Atualmente, o fato de que a temperatura superficial média da Terra aumentou neste último século é amplamente aceito (IPCC, 2001), mas sua relação direta com a elevação do nível dos oceanos ainda é uma questão controversa e que suscita calorosos debates.

A linha de costa é uma das feições mais dinâmicas do planeta e sua flutuação em posição ocorre em várias escalas de tempo (diariamente, sazonalmente, em décadas, séculos e milênios). Na costa do Rio Grande do Sul, fenômenos erosivos em praias oceânicas e margens estuarinas são amplamente reportados na literatura (TOMAZELLI et al., 1996; TOMAZELLI & VILLWOCK, 1989; CALLIARI et al., 1996, 1998; SPERANSKI & CALLIARI, 2002), e suas taxas crescentes, com os respectivos efeitos nas atividades humanas, são motivos de preocupação no mundo todo. Independente das causas, as implicações econômicas, ambientais e institucionais dos efeitos do recuo da linha de costa tornam urgente a incorporação desta nova perspectiva no planejamento das atividades humanas em zonas costeiras, sendo necessário estabelecerem estratégias de respostas adaptativas ao fenômeno.

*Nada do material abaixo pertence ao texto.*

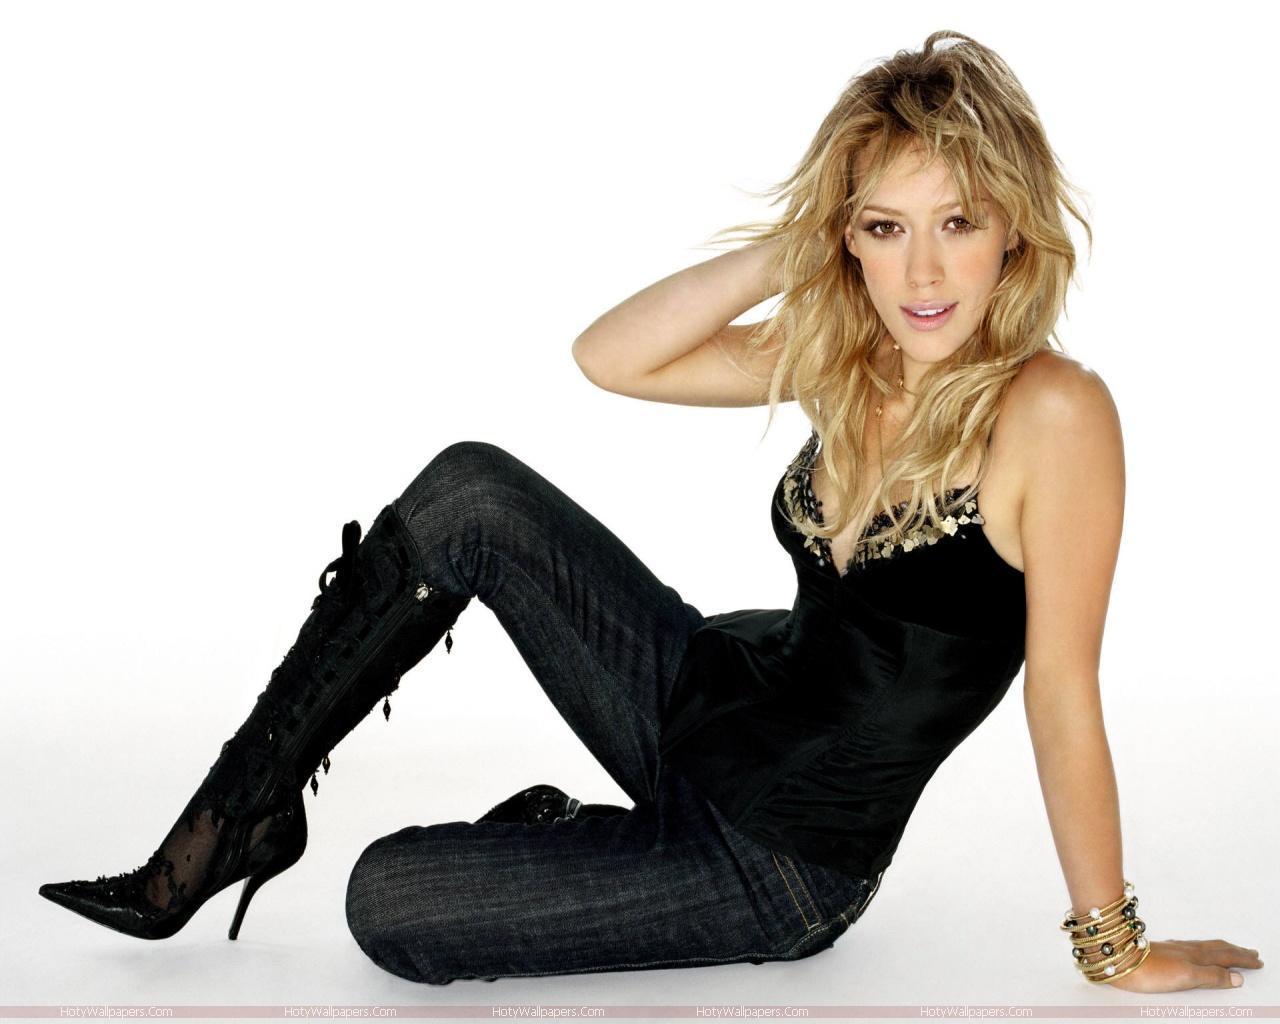 http://3.bp.blogspot.com/-Phbij8wSCq8/TmTh2UV_akI/AAAAAAAAKTQ/TdTvzx1o3b8/s1600/Hilary_Duff_super_star_of_hollywood.jpg

Um encontro do Inter-Governmental Panel on Climate Change (IPCC) realizado em 1990 em Perth, Austrália, considerou irrealista as opções “duras” (de engenharia) dentro do atual contexto econômico e social dos países em desenvolvimento, e conclui que há necessidade de aperfeiçoar o conhecimento básico dos processos nas zonas costeiras, desenvolver sistemas globais regionais e nacionais mais acurados para monitoramento e avaliação de impactos, identificar áreas costeiras críticas e ilhas em risco e considerar as vulnerabilidades em desenvolvimento e implementar respostas estratégicas (PERNETTA & ELDER, 1992).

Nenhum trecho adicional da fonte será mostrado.